Troy S. Williams, chief quality officer with the San Francisco Health Network, outlined an effort to “hardwire” transformation that began with the Consistent Care at the Bedside Monitor program. It brought in DON consultants to work with each unit’s nurse manager, coaching them and also reporting patient safety concerns up the chain of command.

That supported recertification initiatives including survey readiness, improving direct care staff observations, delivering on action plan milestones and educating about  fire and life safety. Among some of the goals achieved: reducing use of restraints from 700-plus devices used due to “lack of expertise” to 20 deemed “necessary” for specific patients; a 33% reduction in pressure ulcers; and improved meal tray accuracy for resident satisfaction and nutrition needs; and replacing the 30% of hand sanitizer dispensers that were broken.

To keep the focus on maintaining such gains, the facility has now hired an administrator, two assistant administrators, two directors of nursings and a new medical director — all of whom are versed in skilled nursing care and regulations.

Hitting milestones

Meanwhile, HSAG was developing the action plan and monitoring steps toward fulfillment of goals daily. They developed nine separate root cause analysis reports that were shared with staff and CMS, each initiated by the survey findings that came before decertification. That gave leaders 13 core areas on which to focus their efforts, and a final action plan went into effect in early 2023.

HSAG routinely held office hours for staff, an element Chartier said was a key to success. So was offering education using adult education techniques such as teach backs (where a patient shows that they understood what was just taught or shown), rather than just depending on digital training.

“If they didn’t buy in, change would never happen,” he said.

Last year, Laguna Honda was recertified by Medi-Cal, the state Medicaid program. Shortly after, city leaders authorized spending up to $28.4 million on emergency renovations that officials said were still needed for Medicare compliance, and Medicare recertification remains under review.

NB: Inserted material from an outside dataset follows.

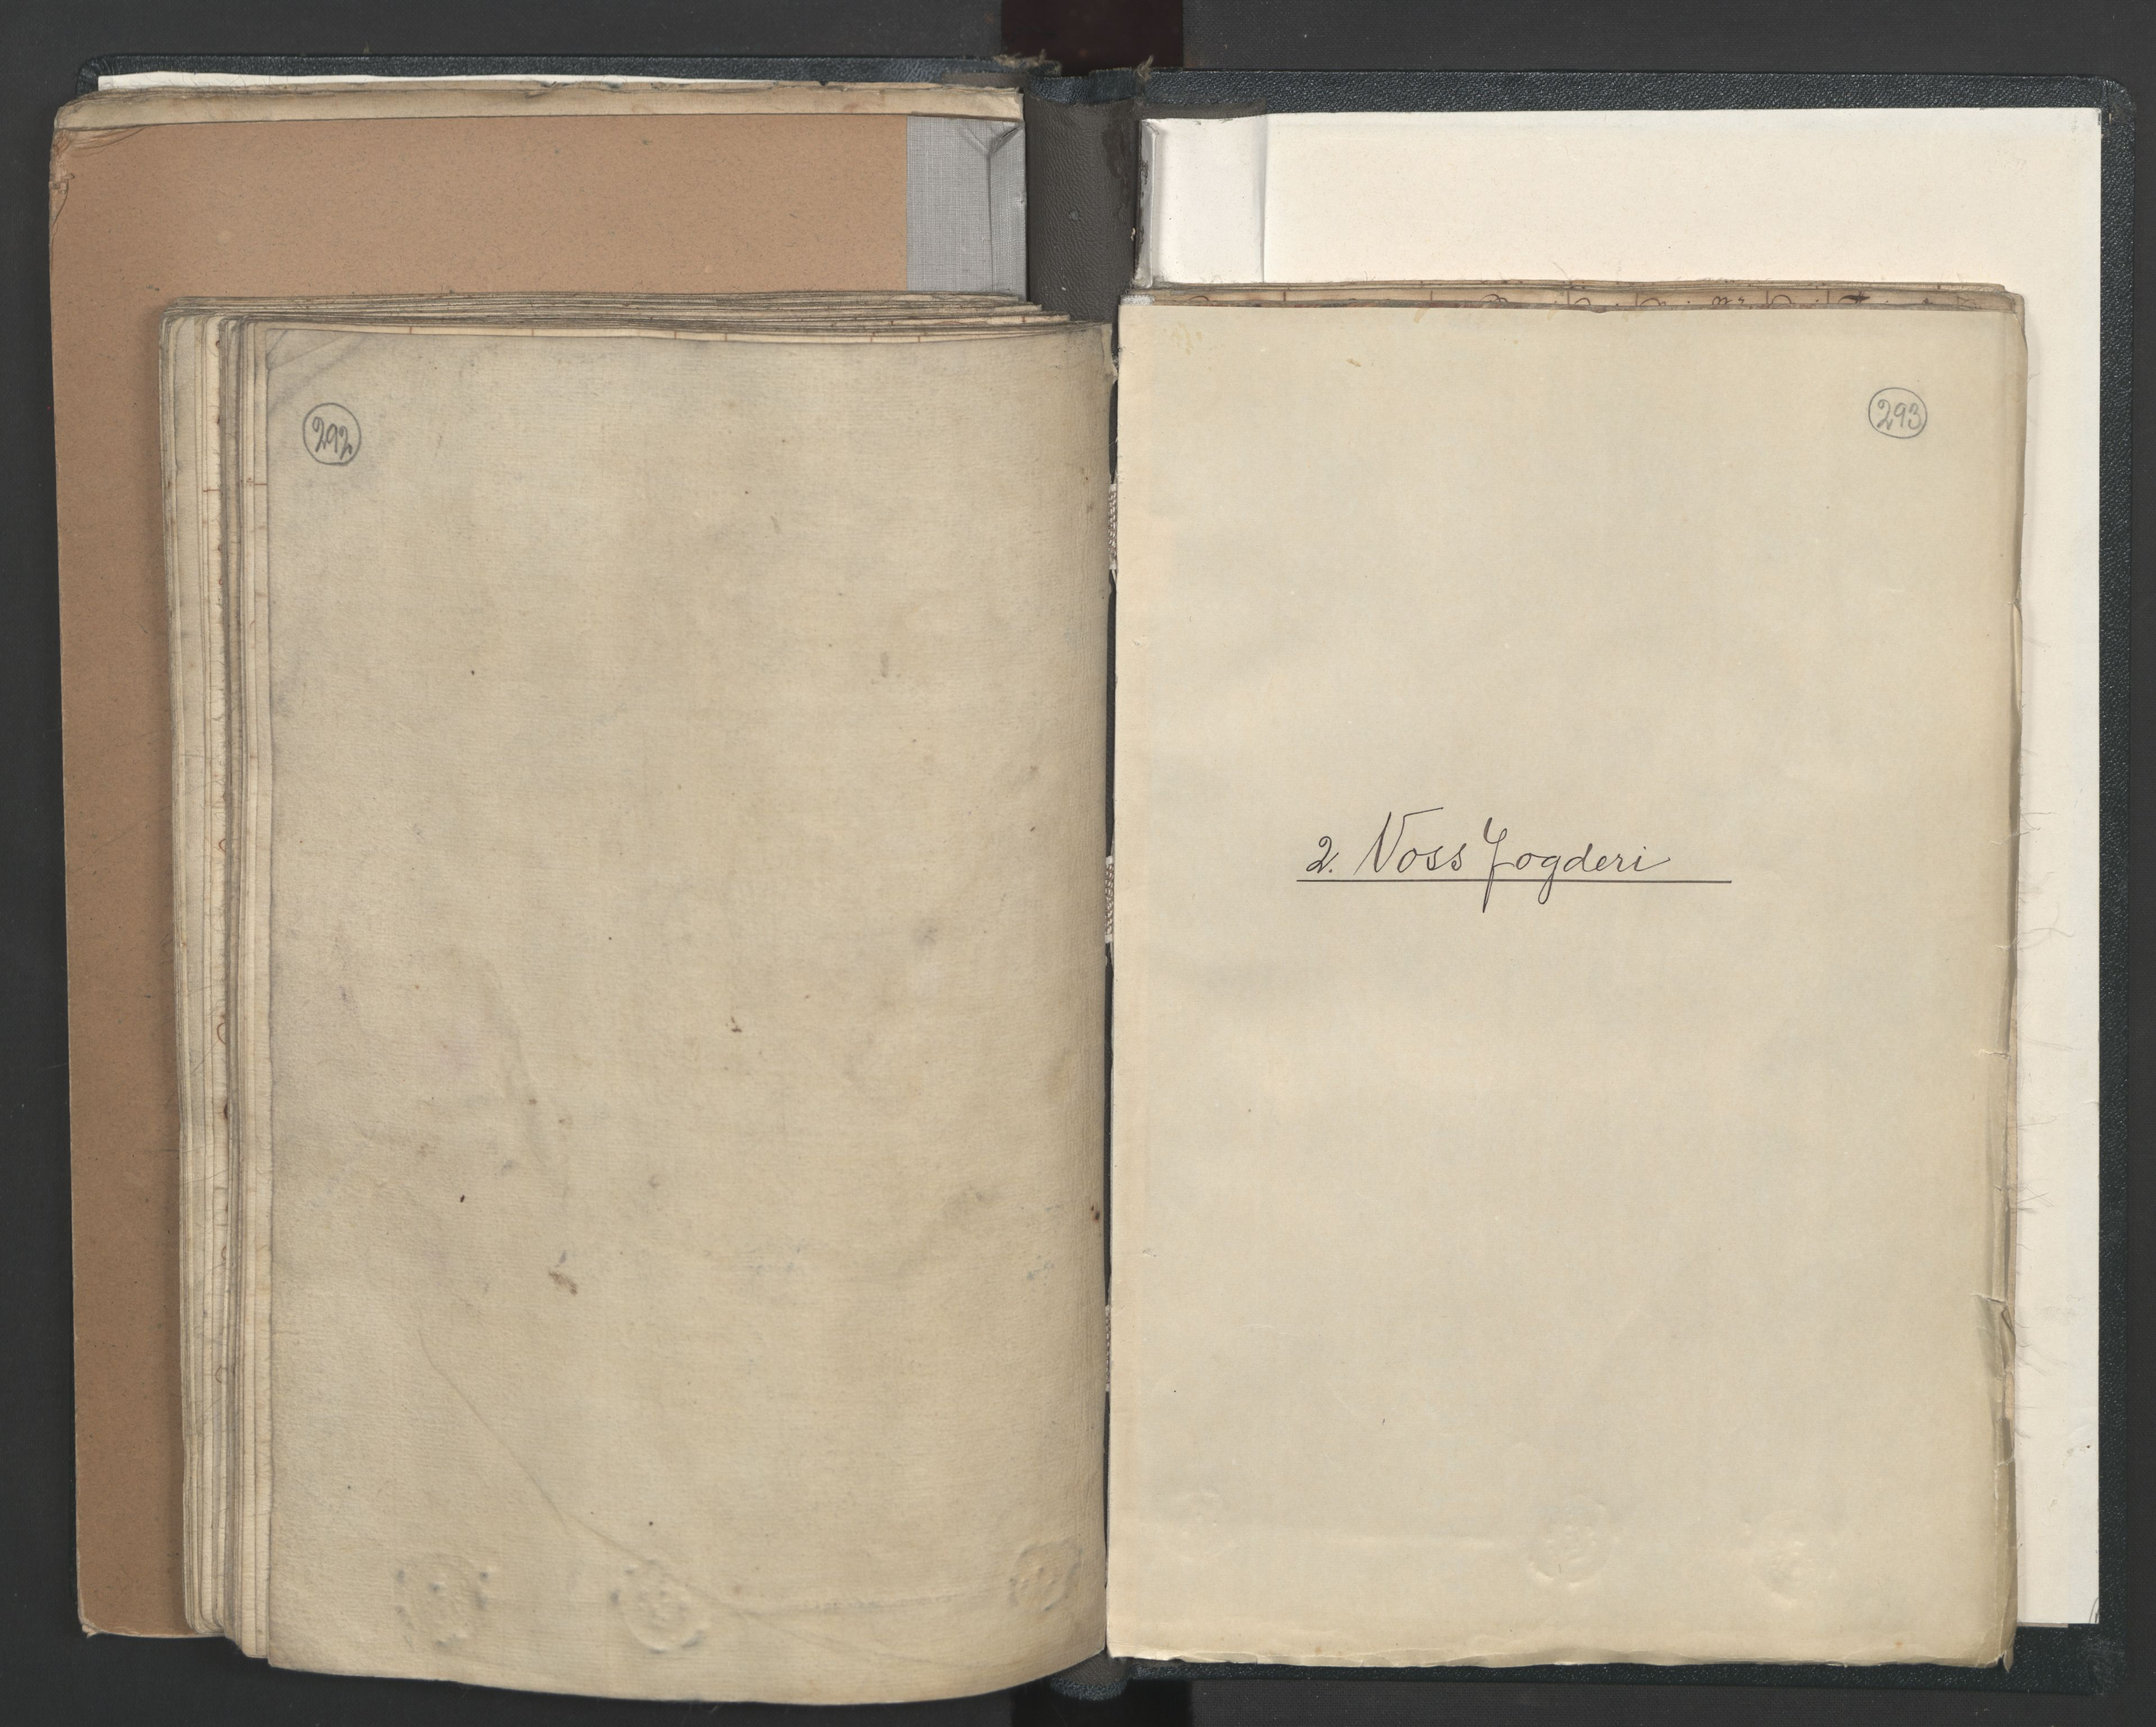 RA, Manntallet 1701, nr. 7: Nordhordland og Voss fogderi, 1701, s. 292-293

At its last survey in December, the facility had 15 findings and none were significant or rose to Immediate Jeopardy, the CMS official on the panel said. That’s meaningful in itself, given that a survey team of 25 might show up to conduct an inspection of a campus that size.

“Laguna Honda is part of the fabric of San Francisco. We could not fail,” said Williams, who insists a higher level of resources and programming will remain once Medicare coverage returns. “There was no use in doing it if we’re not going to continue to sustain it.”

Editor’s note: This story has been updated to remove an erroneous number of citations.